_MATERIAL PROVIDED_
····················
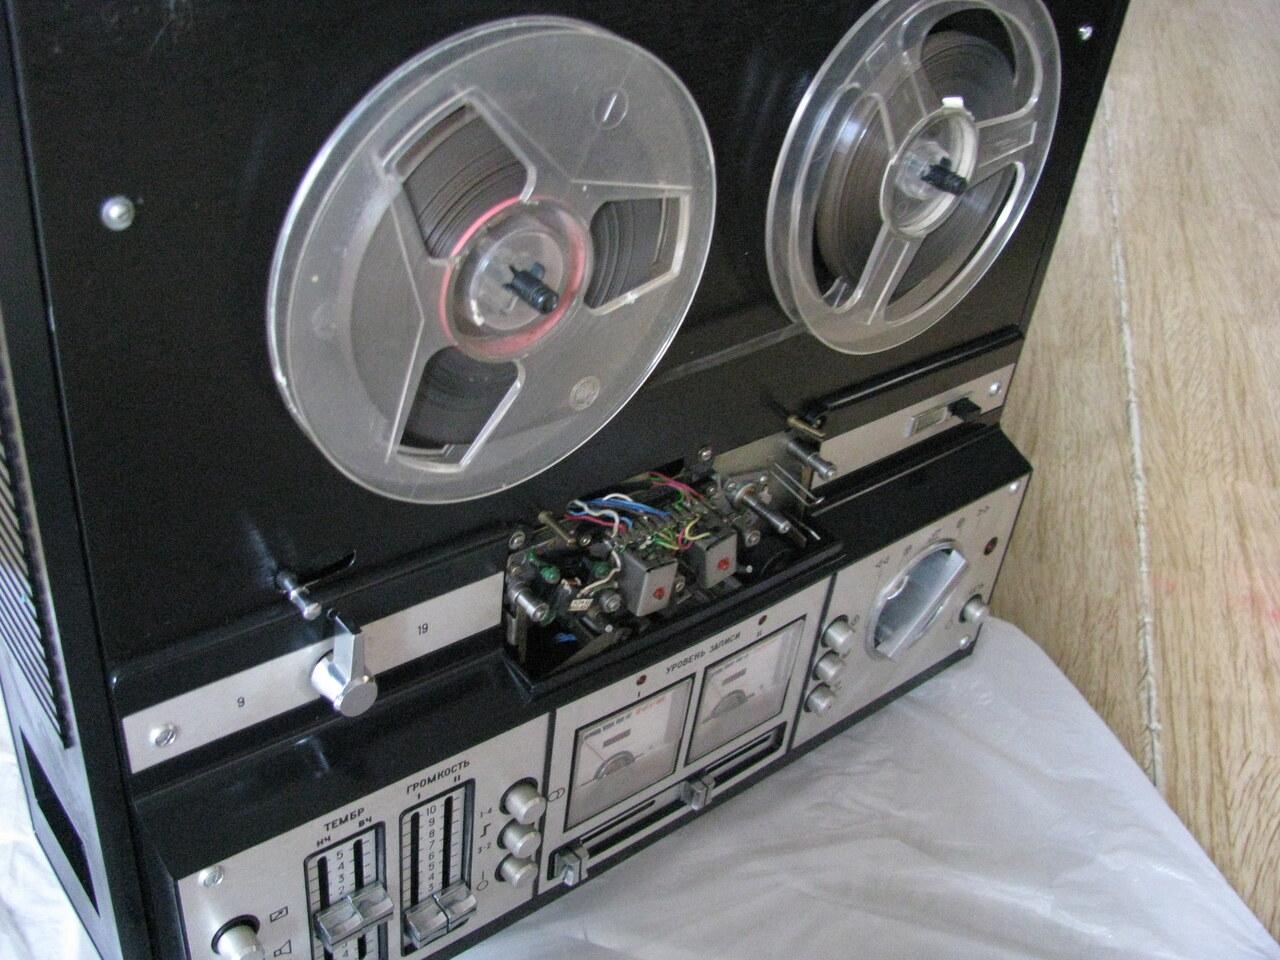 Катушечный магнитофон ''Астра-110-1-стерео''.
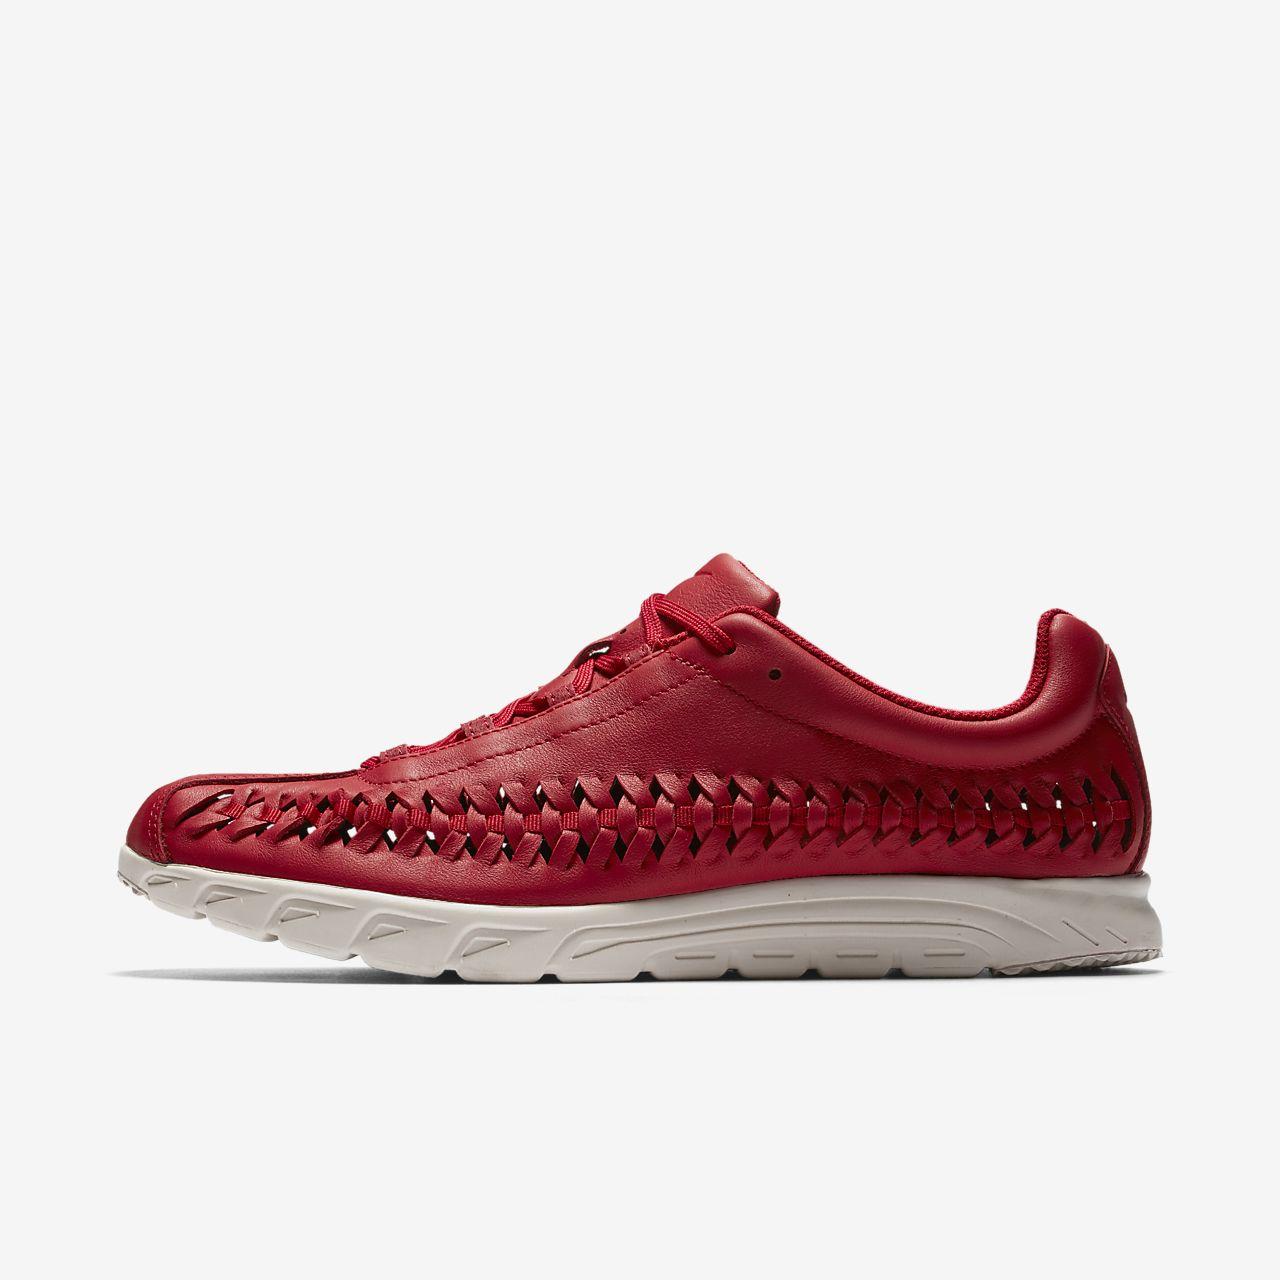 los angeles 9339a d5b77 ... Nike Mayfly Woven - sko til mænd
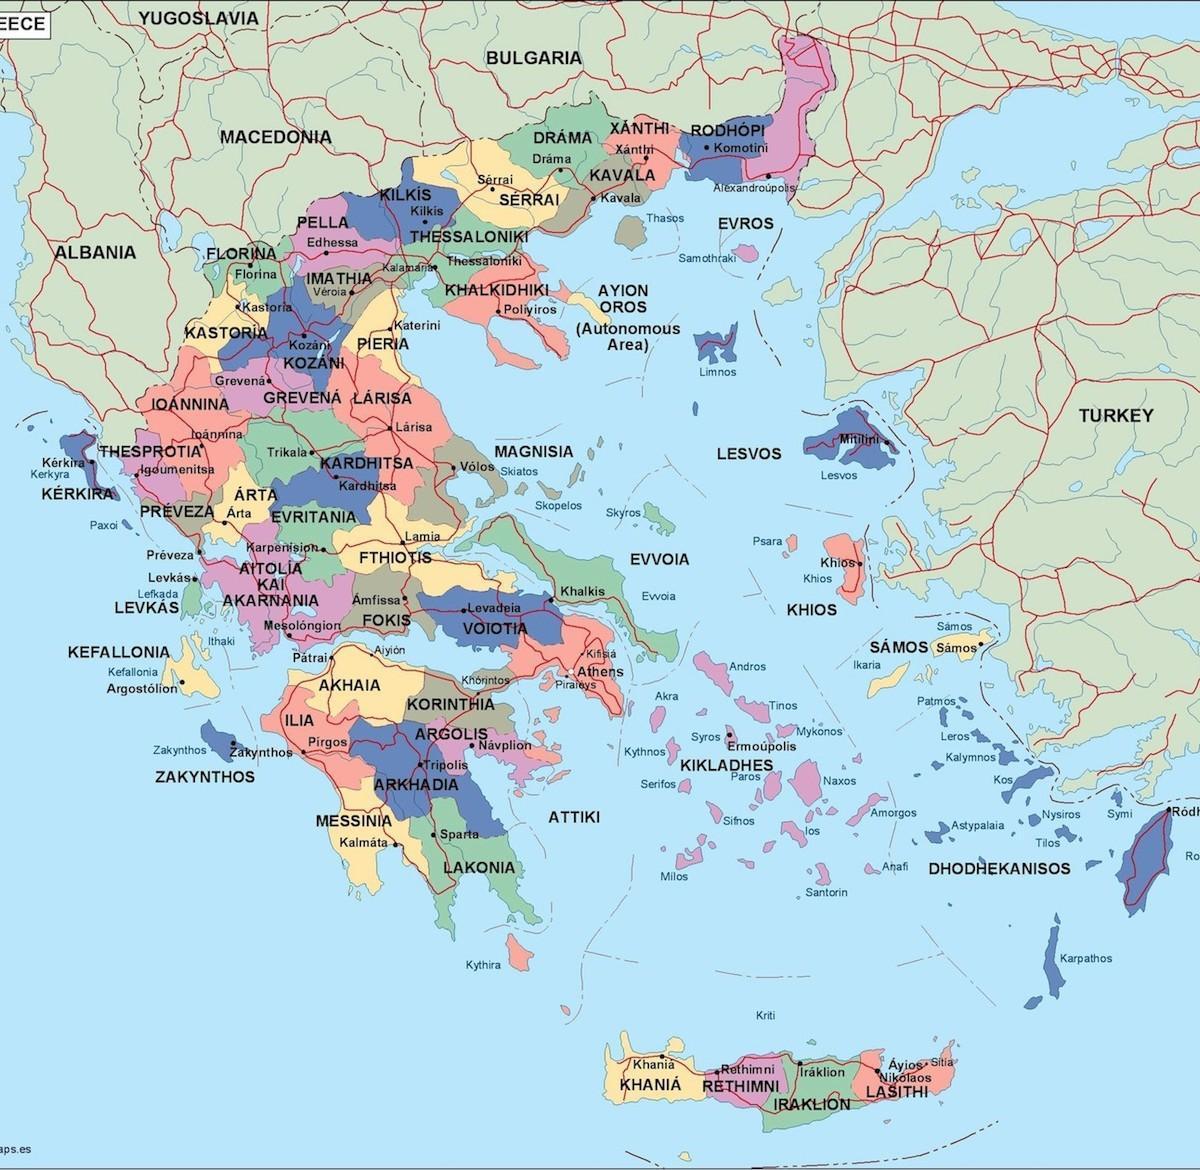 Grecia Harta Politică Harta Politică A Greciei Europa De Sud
····················
_WORK TO BE COMPLETED_
Please give back every line above exactly as it stands, without pictures.

_WRITTEN RESPONSE_
 Катушечный магнитофон ''Астра-110-1-стерео''.
 los angeles 9339a d5b77 ... Nike Mayfly Woven - sko til mænd
 Grecia Harta Politică Harta Politică A Greciei Europa De Sud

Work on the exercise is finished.